* _The task_
Return the records exactly, from the first line through the "Collins Wedding, Wedding Party" line.

--- Supplied entries Enclosed Below ---

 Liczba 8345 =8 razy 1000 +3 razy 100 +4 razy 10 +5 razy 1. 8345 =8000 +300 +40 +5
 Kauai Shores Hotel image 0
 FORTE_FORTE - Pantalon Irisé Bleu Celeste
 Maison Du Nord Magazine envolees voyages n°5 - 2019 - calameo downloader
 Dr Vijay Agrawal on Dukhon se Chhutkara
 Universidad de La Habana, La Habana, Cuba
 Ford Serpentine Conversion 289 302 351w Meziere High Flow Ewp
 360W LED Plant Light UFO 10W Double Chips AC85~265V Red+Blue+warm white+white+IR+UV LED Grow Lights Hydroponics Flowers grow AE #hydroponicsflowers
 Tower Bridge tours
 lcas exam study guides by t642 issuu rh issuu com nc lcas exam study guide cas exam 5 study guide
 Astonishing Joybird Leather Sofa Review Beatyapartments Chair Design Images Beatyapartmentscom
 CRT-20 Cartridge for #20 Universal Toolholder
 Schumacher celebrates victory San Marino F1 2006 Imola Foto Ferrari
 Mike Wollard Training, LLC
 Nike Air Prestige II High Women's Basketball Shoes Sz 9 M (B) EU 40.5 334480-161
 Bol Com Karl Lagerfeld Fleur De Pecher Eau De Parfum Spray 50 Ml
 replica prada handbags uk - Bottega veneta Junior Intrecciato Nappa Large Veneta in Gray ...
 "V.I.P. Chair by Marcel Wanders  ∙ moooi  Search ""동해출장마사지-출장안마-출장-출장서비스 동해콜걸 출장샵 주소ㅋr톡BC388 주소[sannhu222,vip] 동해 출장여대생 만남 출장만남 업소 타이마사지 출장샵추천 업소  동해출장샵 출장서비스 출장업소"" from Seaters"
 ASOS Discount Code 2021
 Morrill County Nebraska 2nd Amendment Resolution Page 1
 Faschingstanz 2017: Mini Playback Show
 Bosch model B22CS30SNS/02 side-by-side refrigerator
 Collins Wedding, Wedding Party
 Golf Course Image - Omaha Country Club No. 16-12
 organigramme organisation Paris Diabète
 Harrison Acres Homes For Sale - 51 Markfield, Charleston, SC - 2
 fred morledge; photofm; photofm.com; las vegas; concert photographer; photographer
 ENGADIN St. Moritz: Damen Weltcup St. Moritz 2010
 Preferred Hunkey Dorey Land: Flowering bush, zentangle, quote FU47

--- End of Enclosed Supplied entries ---

* _Answer for the task_
 Liczba 8345 =8 razy 1000 +3 razy 100 +4 razy 10 +5 razy 1. 8345 =8000 +300 +40 +5
 Kauai Shores Hotel image 0
 FORTE_FORTE - Pantalon Irisé Bleu Celeste
 Maison Du Nord Magazine envolees voyages n°5 - 2019 - calameo downloader
 Dr Vijay Agrawal on Dukhon se Chhutkara
 Universidad de La Habana, La Habana, Cuba
 Ford Serpentine Conversion 289 302 351w Meziere High Flow Ewp
 360W LED Plant Light UFO 10W Double Chips AC85~265V Red+Blue+warm white+white+IR+UV LED Grow Lights Hydroponics Flowers grow AE #hydroponicsflowers
 Tower Bridge tours
 lcas exam study guides by t642 issuu rh issuu com nc lcas exam study guide cas exam 5 study guide
 Astonishing Joybird Leather Sofa Review Beatyapartments Chair Design Images Beatyapartmentscom
 CRT-20 Cartridge for #20 Universal Toolholder
 Schumacher celebrates victory San Marino F1 2006 Imola Foto Ferrari
 Mike Wollard Training, LLC
 Nike Air Prestige II High Women's Basketball Shoes Sz 9 M (B) EU 40.5 334480-161
 Bol Com Karl Lagerfeld Fleur De Pecher Eau De Parfum Spray 50 Ml
 replica prada handbags uk - Bottega veneta Junior Intrecciato Nappa Large Veneta in Gray ...
 "V.I.P. Chair by Marcel Wanders  ∙ moooi  Search ""동해출장마사지-출장안마-출장-출장서비스 동해콜걸 출장샵 주소ㅋr톡BC388 주소[sannhu222,vip] 동해 출장여대생 만남 출장만남 업소 타이마사지 출장샵추천 업소  동해출장샵 출장서비스 출장업소"" from Seaters"
 ASOS Discount Code 2021
 Morrill County Nebraska 2nd Amendment Resolution Page 1
 Faschingstanz 2017: Mini Playback Show
 Bosch model B22CS30SNS/02 side-by-side refrigerator
 Collins Wedding, Wedding Party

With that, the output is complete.